Как он и обещал, ученик его успел заметить, как из недавних непроглядных теней рождалось лиловое и голубое. И нескоро еще они выбрались домой, где мальчик, не спавший большую часть этой ночи, все-таки не сразу сумел заснуть. Равнодушный, как будто бы ничего вокруг себя не видящий Одноглазый, — знал, что в сумраке лишенной окон комнаты ребенок еще долго шевелил губами, беззвучно шепча что-то, и странно водил в воздухе пальцами перед бессонными глазами. Поэтому, при следующей своей встрече с Безумным Художником он сразу же, едва успев поздороваться, спросил:

— Учитель, ты говорил мне, что солнце, утро, и весь день целиком рисуют… Но скажи еще, можно ли сказать так, что рисует также и тень? Тьма?

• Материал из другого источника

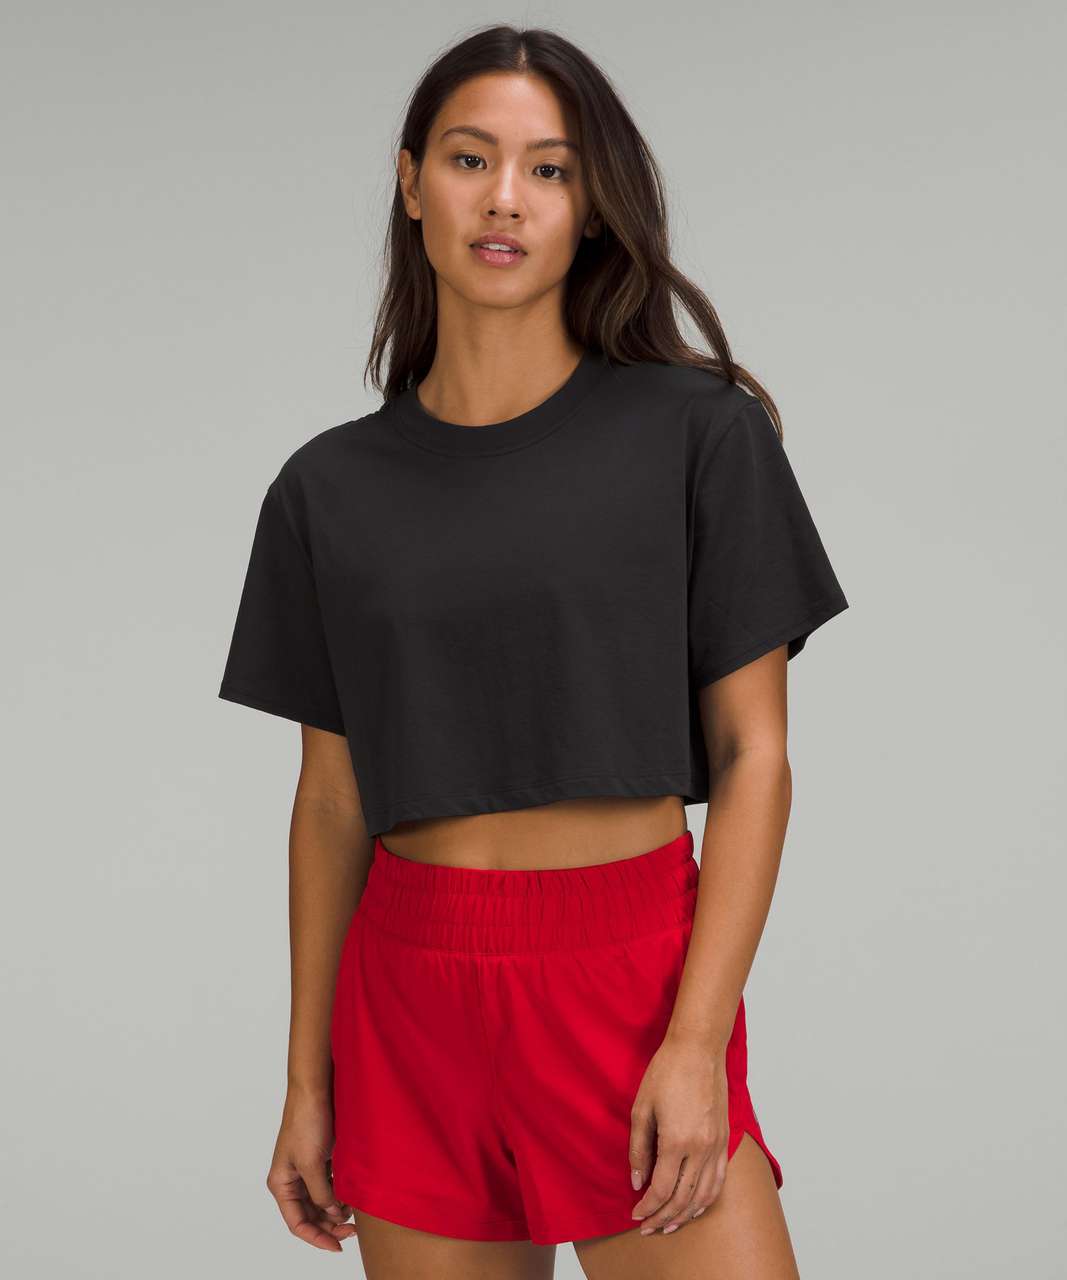 Lululemon All Yours Cropped T-Shirt - Black

Услыхав такие речи от маленького своего ученика, горбатый художник вдруг застыл, пристально вглядываясь в его лицо:

— Наплывающая Тьма, хотел сказать ты? Это — истина. Кто поведал тебе ее?

— Никто.

— Хорошо.

В этот день он не стал вести никакого урока, и, как-то странно махнув рукой, ушел, и прошло несколько дней, прежде чем, собравшись около полудня, они отправились вместе с учеником к месту своего нового урока.

Маленькие, крепкие лошадки, родившиеся в этих горах, ступали среди камней и выбоин мерно и уверенно. Путники почти не разговаривали между со бой и поспели к месту назначения вовремя, когда свет дня едва заметно ослабел и начал обретать рыжеватые тона. Это место, — группа изъеденных, ветхих скал могла считаться редкостью в здешних горах с их победительной остротой и могучей выразительностью линий.

— Услыхав твои слова, я тут же вспомнил это место. Конечно, я его видел. Конечно, обращал на него внимание. Но почему не выразил в слове, и почему не передал никому? Смотри!

И то, что было ветхим, неровным камнем, начало МЕНЯТЬСЯ по мере того, как тени от неровностей заливали впадины и оттеняли горящие тревожным рыжим огнем выступы. Скала вдруг превратилась в подобие головы, защищенной шлемом, строго посмотрела на него, потом суровое лицо, изборожденное морщинами и шрамами исподволь обрело обиженное выражение, исказилось гримасой злобного безумия, а потом ученик как-то разом перестал понимать: а где вообще он видел тут голову и лицо? Ведь ничего похожего на плоскогорье не было, зато темнел тяжелой грудой чудовищный одногорбый верблюд, прилегший отдохнуть под темнеющим небом. Те же волшебные изменения захватывали и другие скалы, из которых особенно запомнилась мальчику та, что походила на головы двух гигантских змей сцепившихся челюстями.

— Да, рисует, рисует и тень, рисует Наплывающая Тьма. Наверное, я не случайно забыл про это, а по той причине, что старею, потому что боюсь смерти и потому что уж очень не люблю темноту. А так, конечно же, рисует наступающая ночь и подступающая осень. Рисую и я.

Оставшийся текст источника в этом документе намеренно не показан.